Stella develops an unshakable passion for the company’s stage director, Meredith Potter but the young girl has overlooked one of the man’s key characteristics – he’s gay. Her innocence of this and her working class gaucheness means that she rattles around the private lives of the actors doing all sorts of damage without really registering the impact. Reviewing the book on its release, Publisher’s Weekly neatly captures the heart of the book:

“Stella has the normal self-consciousness and naivete of adolescence overlaid by a strong will, guilelessness and lack of tact. Her innocent but dangerous impulses and her crush on Meredith, whose homosexuality eludes her, makes Stella a sort of Typhoid Mary of psychological injury; one after another, members of the troupe suffer from her impetuous behavior.”

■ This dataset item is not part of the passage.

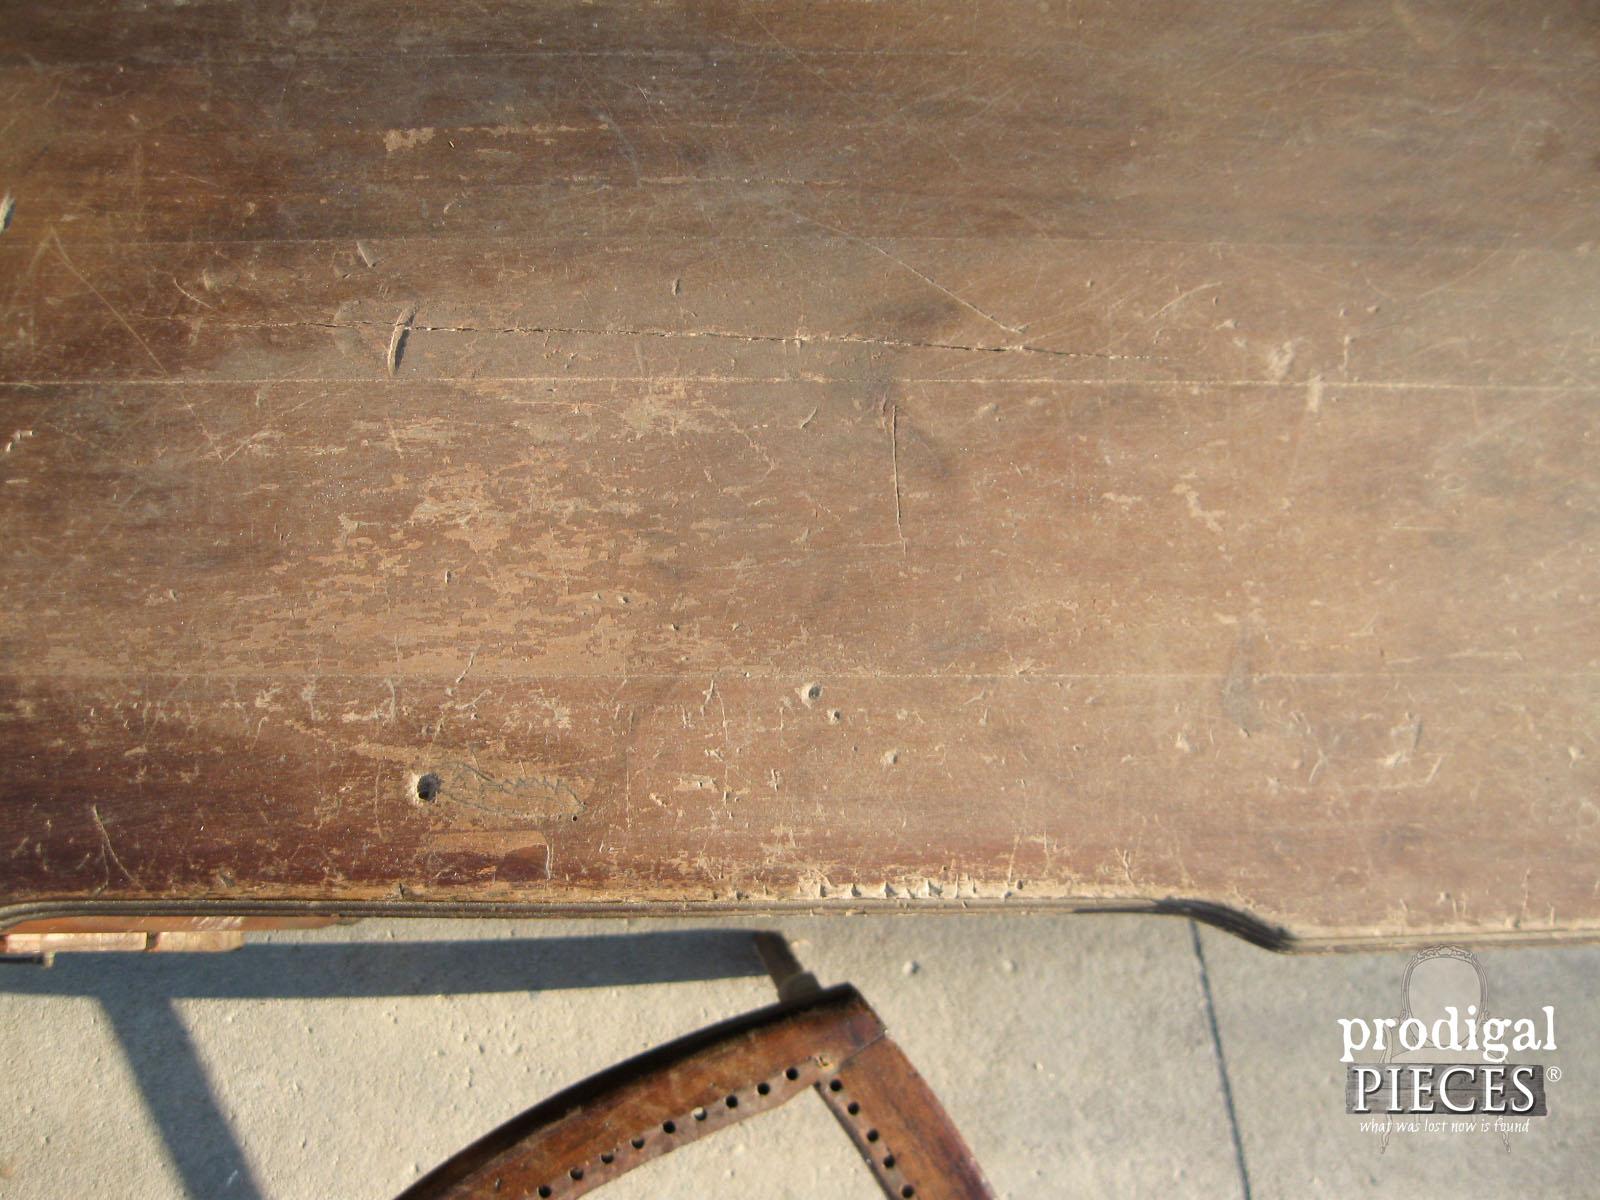 Damaged Antique Desk Top Close-up | Prodigal Pieces | www.prodigalpieces.com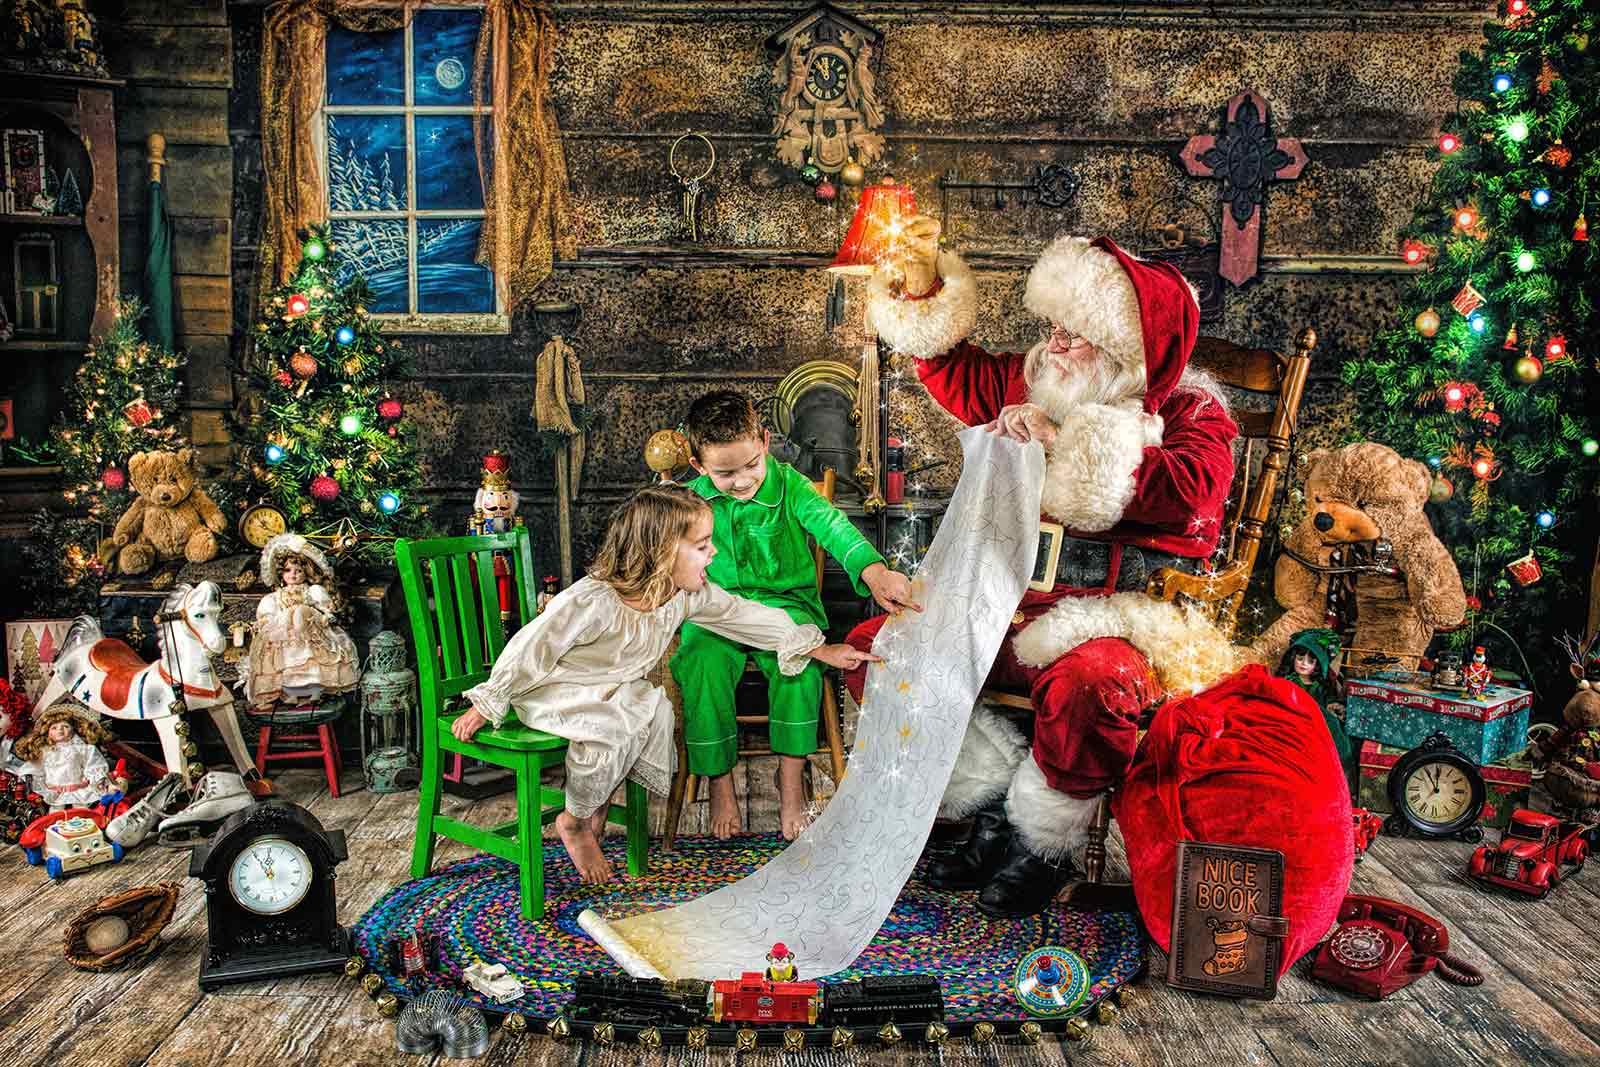 005_Magic-of-Santa-Anna-Thielen-Photography

The real substance of this book comes from the immediacy of the setting and the characters that get artfully sketched with what seems like minimum effort and very few brush strokes. It’s impossible to doubt for even one moment that this is an environment and a set of relationships that Bainbridge herself has witnessed and probably more than once. There’s obviously a big dollop of autobiography in the book but this isn’t get a personal reminiscence but an attempt to take a very different but quite daring and tangential look at the way social class works and what happens when class codes collide.

Paperback copies of the book are easy to find and can be bought quite cheaply. The original Duckworth hardback is a little more expensive but beautifully produced and reassuringly slim.